Um dia, muitos anos depois, confessou que nunca partira tendo em vista conhecer o mundo. Mas pelo milagre de regressar e encontrar as mesmas coisas de sempre.

segunda-feira, dezembro 29, 2003

Louisiana

Foi considerada a melhor forma de prevenir futuros acidentes com armas de fogo: levar as crianças para a carreira de tiro e ensiná-las a disparar tendo em devida atenção as normas de segurança. A segunda fase do curso de aprendizagem, já programada, prevê a continuação do tiro ao alvo e o manuseamento de armas de maior calibre. Sobre a terceira fase não foram até ao momento adiantados pormenores.

Depressões

Talvez seja desta frente oclusa, depressiva, a influenciar a Península. Talvez seja só do calendário. Talvez seja dos autocarros vazios a atravessar as ruas da cidade a caminho não se sabe de quê. Talvez seja das ruas quase desertas. Talvez seja de tudo isso. Talvez seja das aves, muito cedo de manhã, a voar sobre os lagos onde a neblina começa a levantar. Talvez seja da memória longínqua de um muro de pedra, da sombra que uma árvore espalhava sobre o muro. Talvez seja apenas isso: o excessivo silêncio do entardecer.

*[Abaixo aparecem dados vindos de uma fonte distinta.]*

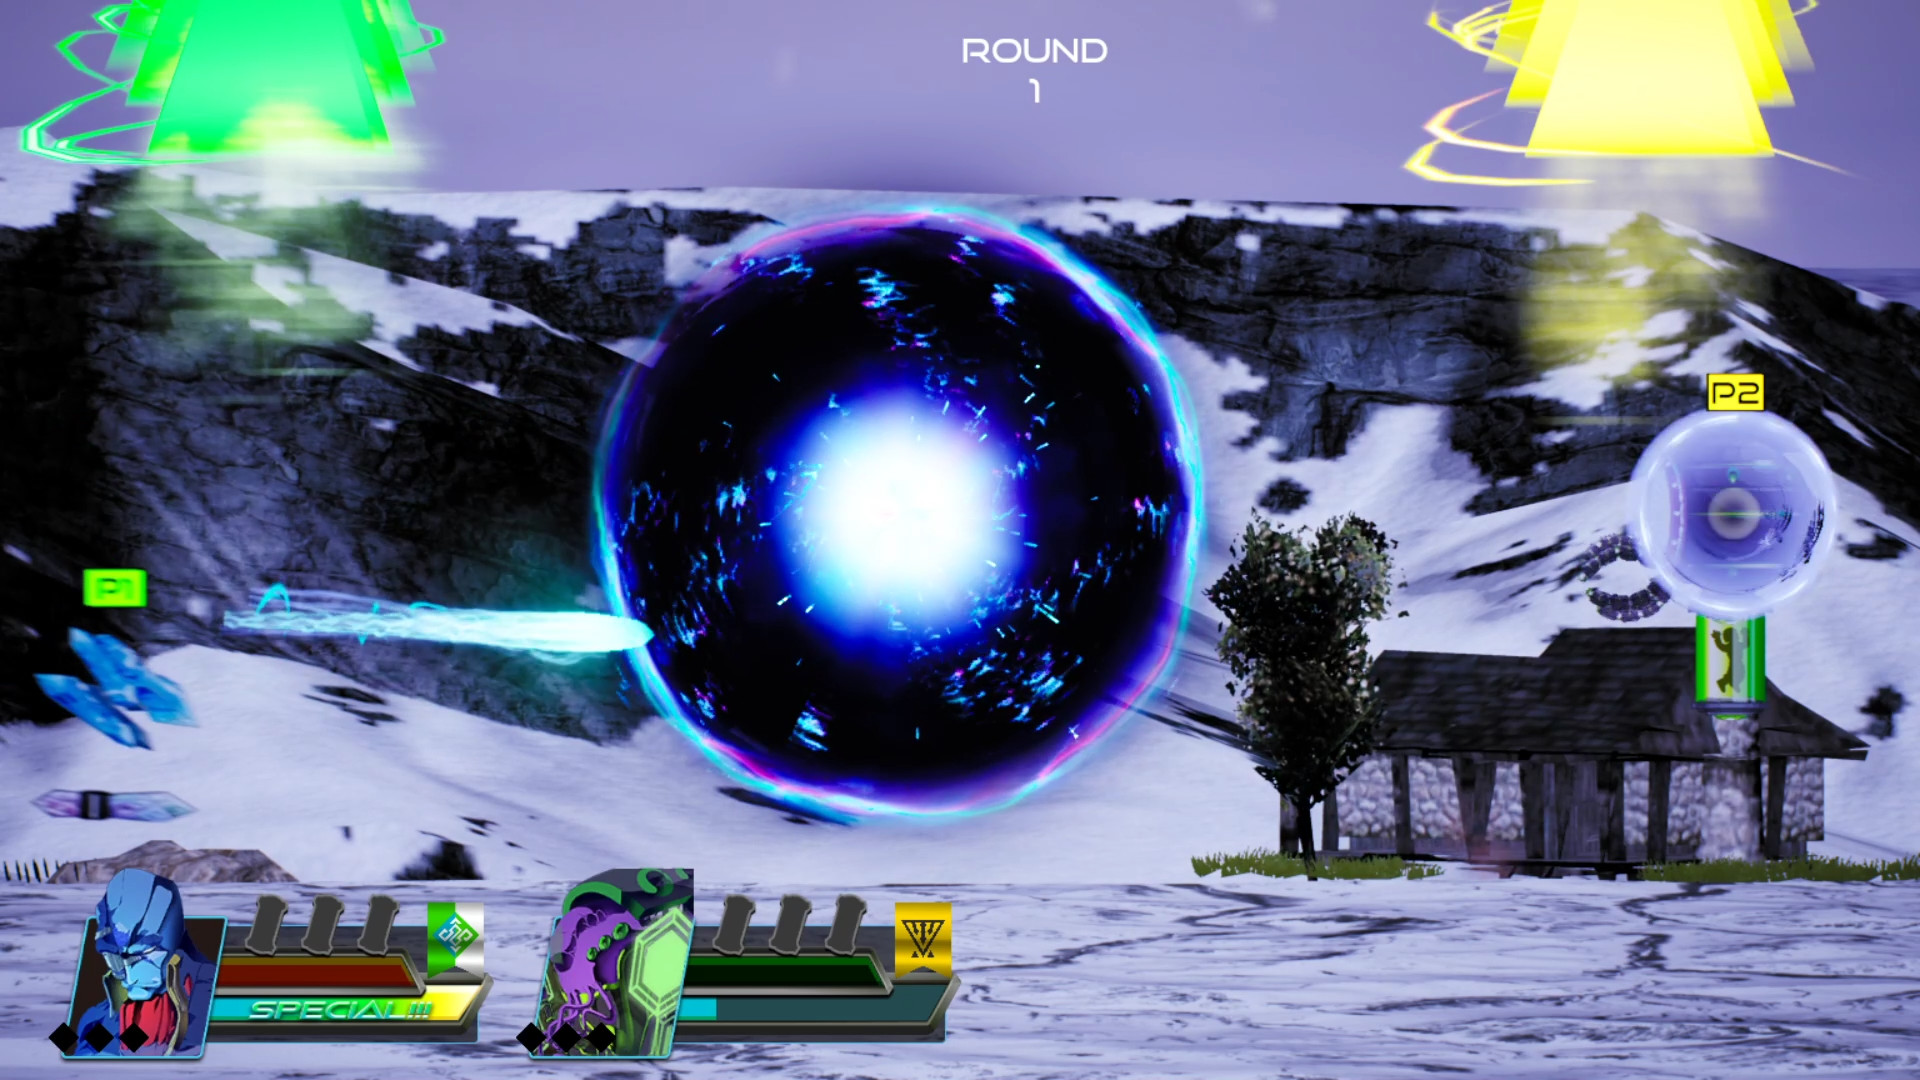 Nebulas Lasso screenshot

domingo, dezembro 28, 2003

A avestruz

José António Saraiva, na sua Política à Portuguesa de ontem no Expresso, diz que «movimentos como o da despenalização do aborto» vão no sentido errado. E acrescenta que «ninguém, entre os que defendem a despenalização e os que não a aceitam, quer que as mulheres que abortam sejam condenadas». Se isto fosse para a gente perceber, víamo-nos aflitos.

São dias tristes

Ainda temos a árvore de Natal, mas já não é Natal. É quase fim do ano, mas não é ainda ano novo. Precisamos desesperadamente da noite de 31. Não propriamente para brindar ao novo ano. Mas para nos livrarmos do velho.

O tal canal

A publicidade ao novo canal da RTP, que se chamará 2:, faz-nos temer o pior. Parece que se trata de uma televisão «aberta à sociedade civil». Uma «televisão feita por todos, para todos». Uma televisão que «conta com a participação activa de 50 parceiros dos mais variados quadrantes». Confesso não ficar particularmente arrebatado com os termos do anúncio. Confesso que preferia, em vez de «receber a sociedade em casa», continuar a receber apenas bons documentários, um espaço noticioso decente e filmes de Tati, Kitano, César Monteiro ou Renoir.

Uma conversa triste

Não somos racistas. Nem somos contra as migrações, claro. Temos apenas uma ligeira questão gramatical mal resolvida: os migrantes são bons se forem precedidos do prefixo e. E maus se forem precedidos do prefixo i. De resto somos todos iguais.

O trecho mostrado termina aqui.